W3C home > Mailing lists > Public > whatwg@whatwg.org > April 2006

[whatwg] hello list

From: Serban Ghita <serban.ghita@verasys.com>
Date: Sun, 16 Apr 2006 22:04:13 +0300
Message-ID: <00ff01c66188$8d124870$fa92a8c0@verasysi>
Hello guys,

So happy to find a list interested in the future of Web (HTML/CSS/W3 Standards).

Until i'll get a feeling of what's happening here i will try only to read and learn from your messages. But, i have one problem, that i am sure you might know how to handle it (i hope this is not offtopic in here)

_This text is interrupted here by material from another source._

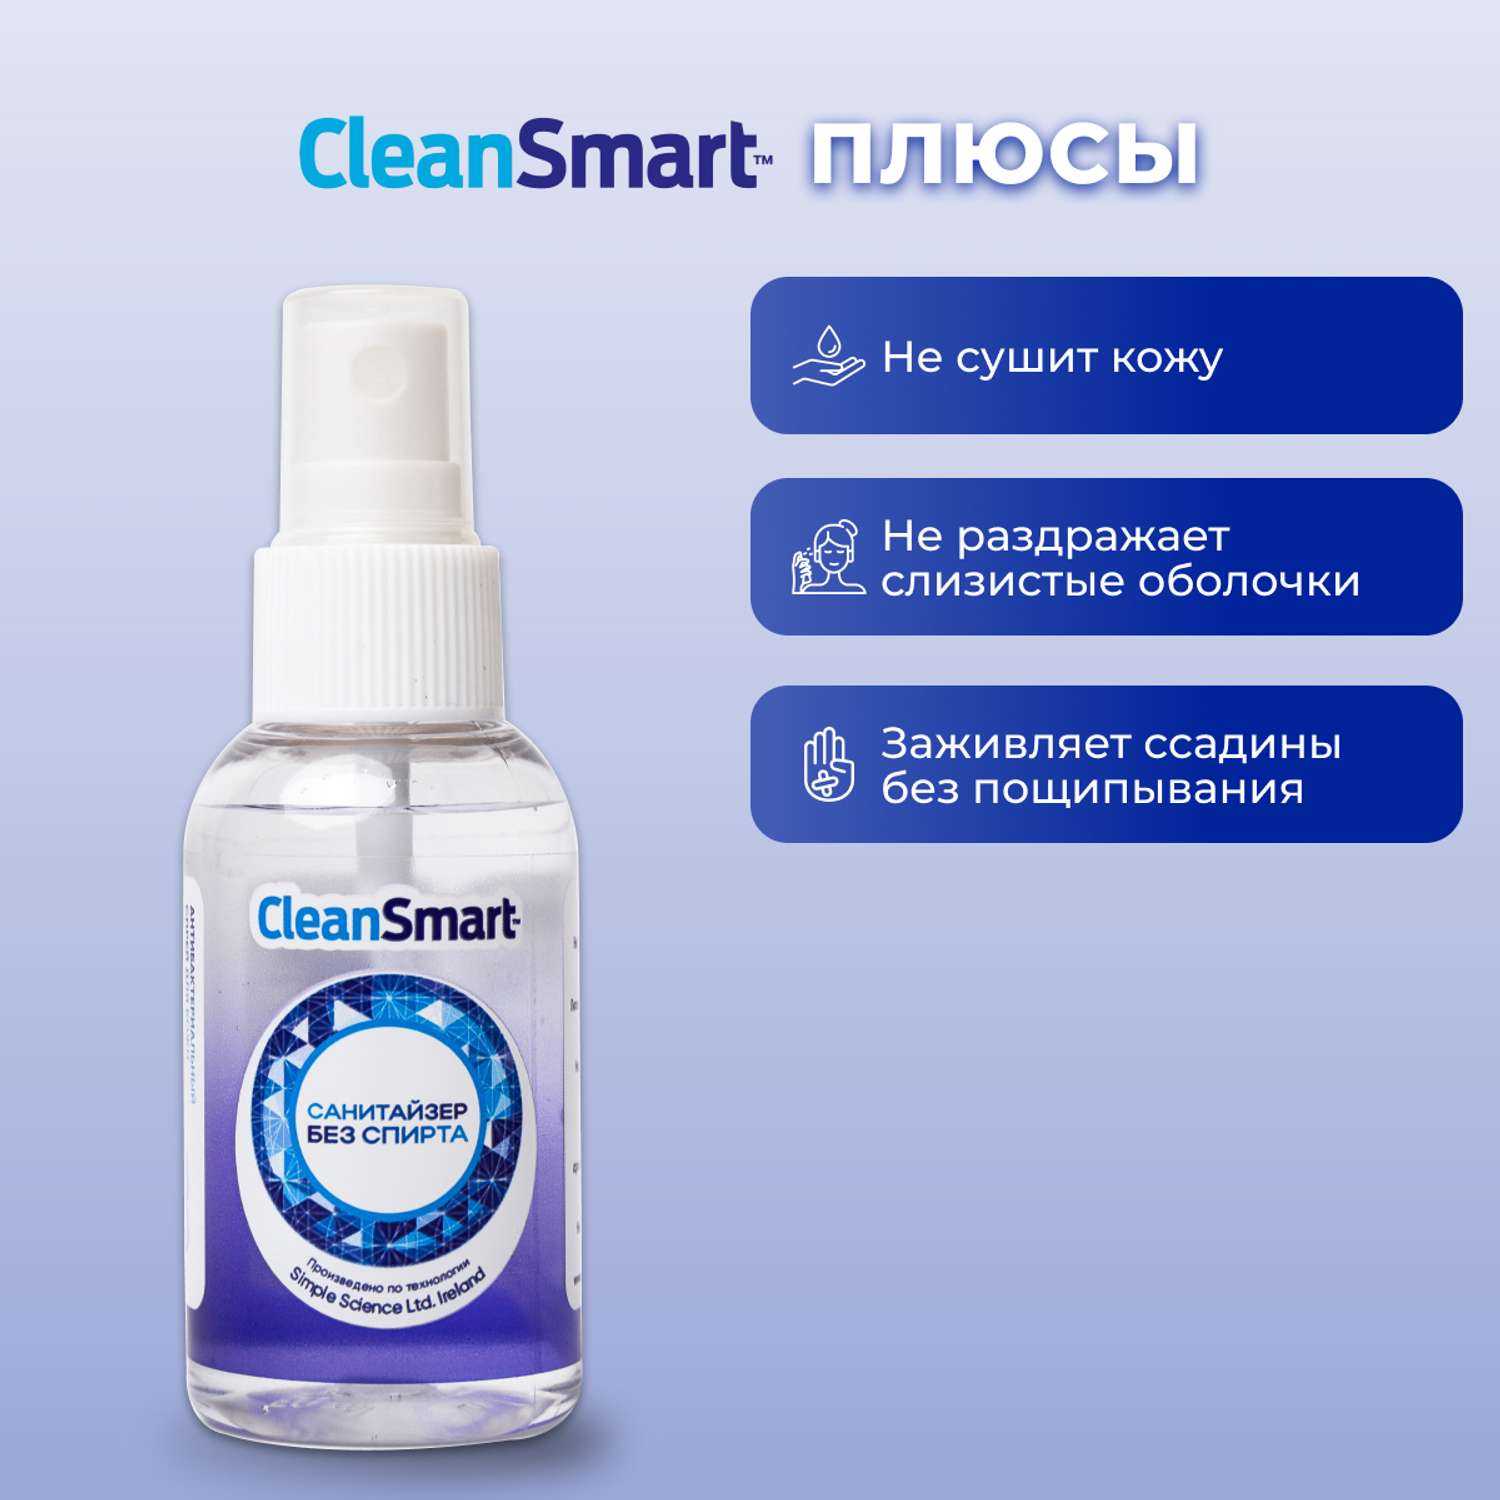 Антибактериальный спрей CleanSmart Антисептик для рук и поверхностей санитайзер для всей семьи 50 мл - фото 4
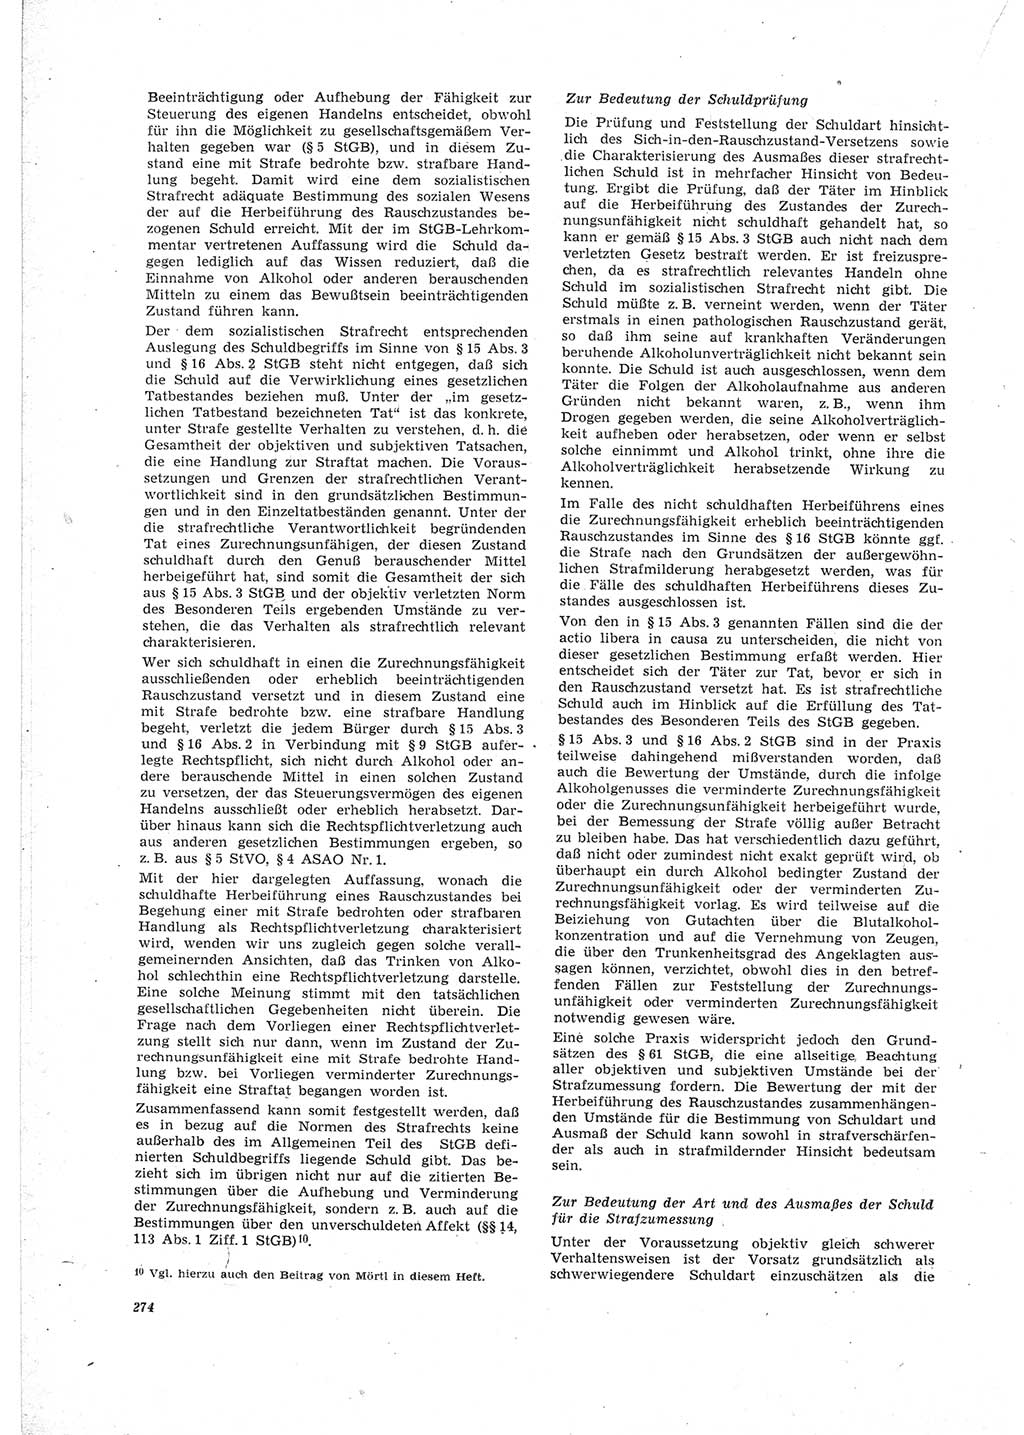 Neue Justiz (NJ), Zeitschrift für Recht und Rechtswissenschaft [Deutsche Demokratische Republik (DDR)], 23. Jahrgang 1969, Seite 274 (NJ DDR 1969, S. 274)

I have a web crawler, that i am using for personal research. It crawls the entire site, finding all the links and creating a sitemap, and grabs some statistics. After a while i felt that i can do more then that, so i have decided to make it parse html code and extract some statistics about tags. For the moment i have created an array with all HTML tags (deprecated ones to), grouped by their structure type (block, inline, single - thats how i call them). I am parsing the HTML code using regular expressions, but as i've searched the net, i saw lots of people saying: dont parse html using regex.
I studied a bit more, then i've found the relation between the HTML document and the DTD (Document Type Definition) declaration. I've noticed that browsers rely on it (the ones that are public are cached, and the custom ones are grabbed before the HTML document is parsed).

Can you point me out to some documentation that explains the way a browser parses HTML documents, or the way it uses the DTD document for interpreting the tags and their attributes.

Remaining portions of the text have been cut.